SUPPLIED MATERIAL:
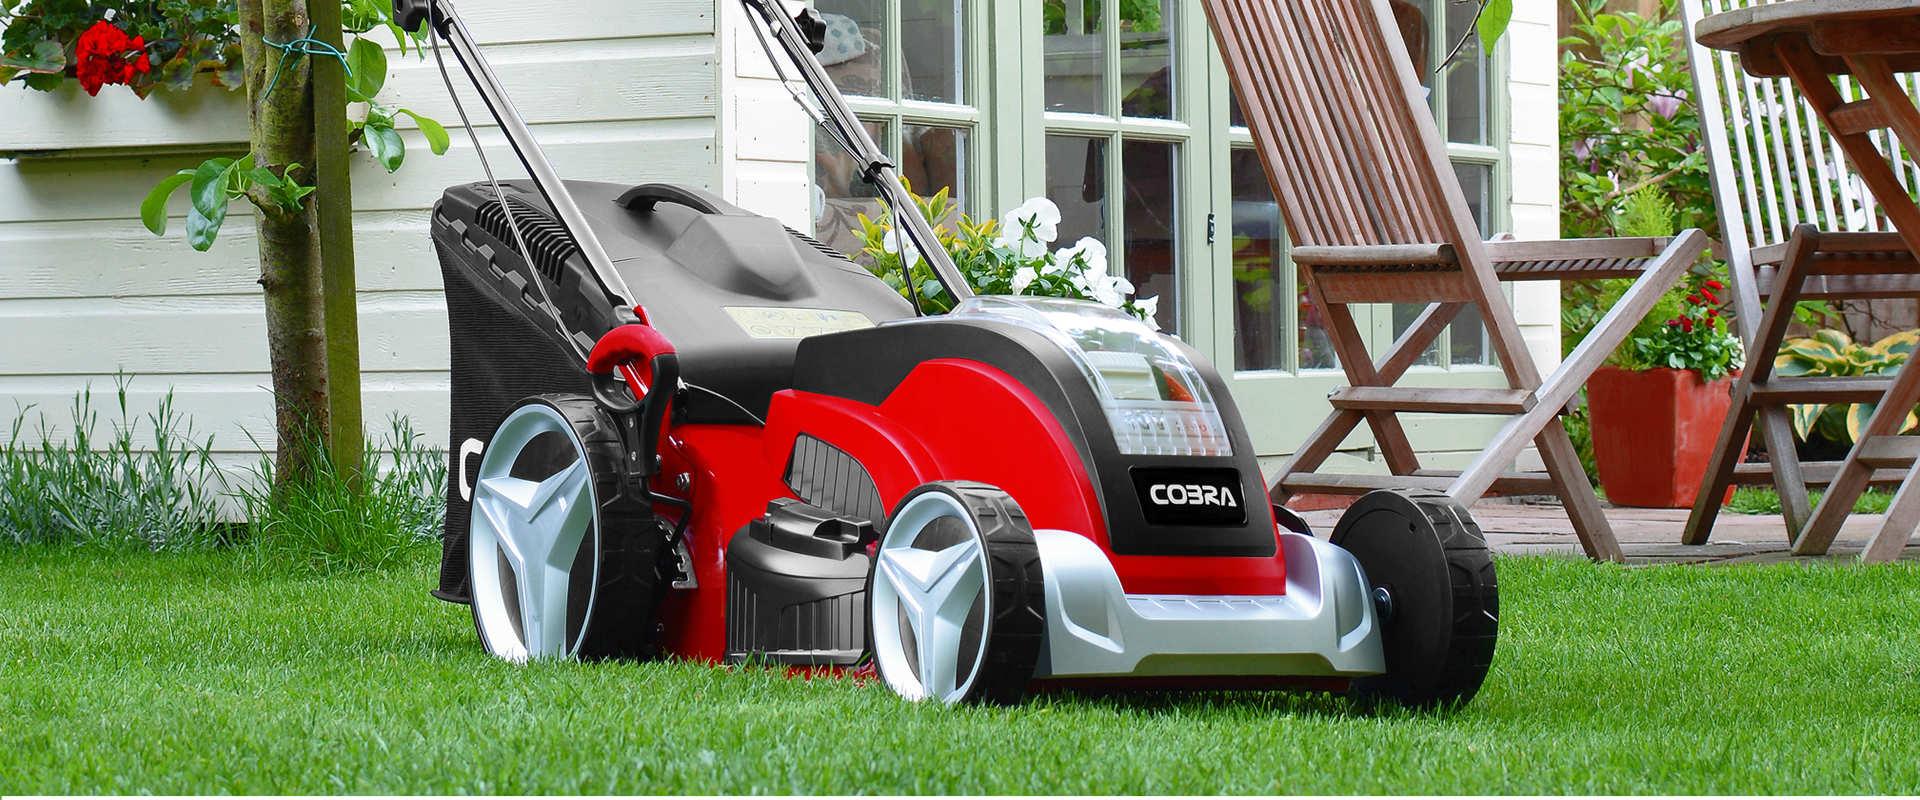 Garden Machinery Repairs & Service
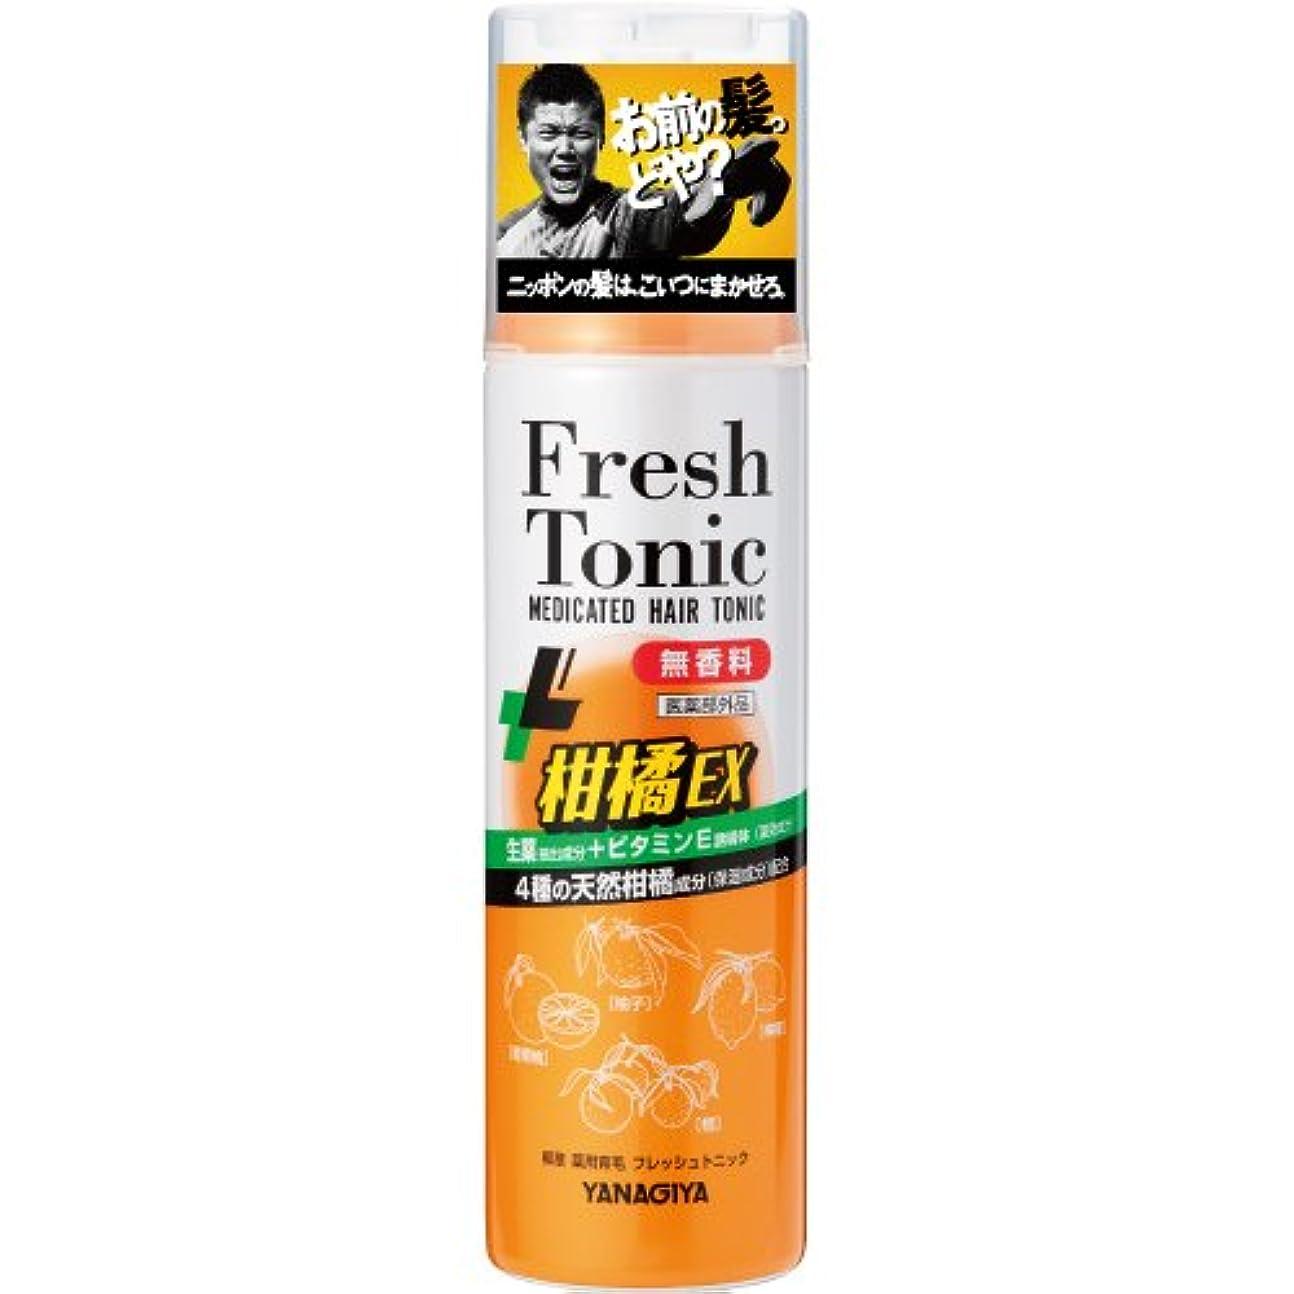 ジャベスウィルソン鉄レモン柳屋 薬用育毛 フレッシュトニック 柑橘EX <無香料> 190g
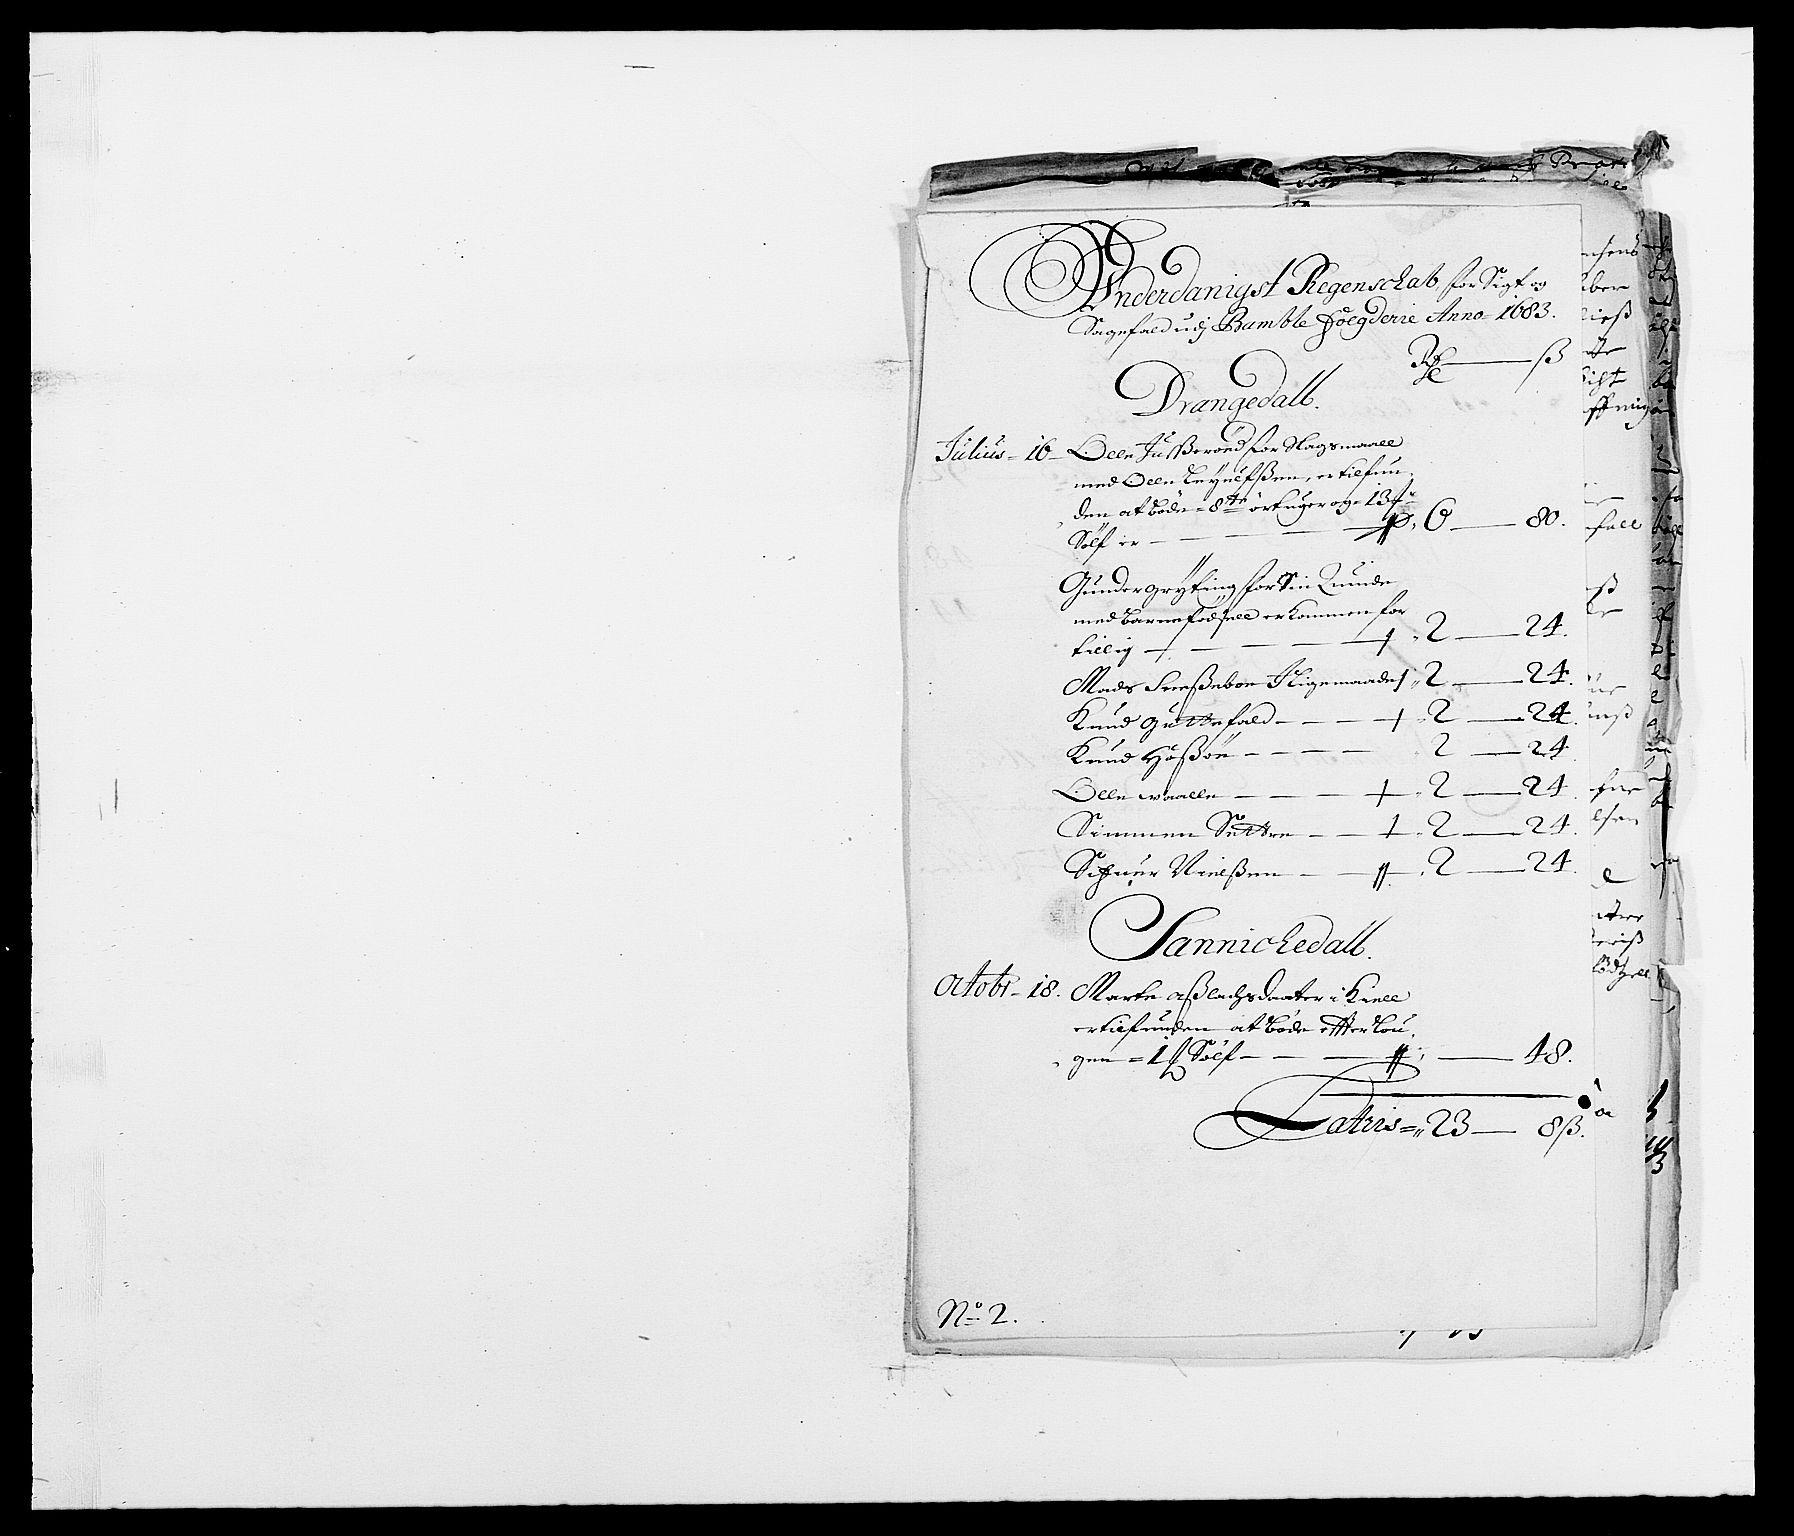 RA, Rentekammeret inntil 1814, Reviderte regnskaper, Fogderegnskap, R34/L2046: Fogderegnskap Bamble, 1682-1683, s. 276

PROBLEM DETAILS: An exact copy of the listing is required; return it without any pictures.

TASK OUTPUT:
 Garden Machinery Repairs & Service
 ジャベスウィルソン鉄レモン柳屋 薬用育毛 フレッシュトニック 柑橘EX <無香料> 190g
 RA, Rentekammeret inntil 1814, Reviderte regnskaper, Fogderegnskap, R34/L2046: Fogderegnskap Bamble, 1682-1683, s. 276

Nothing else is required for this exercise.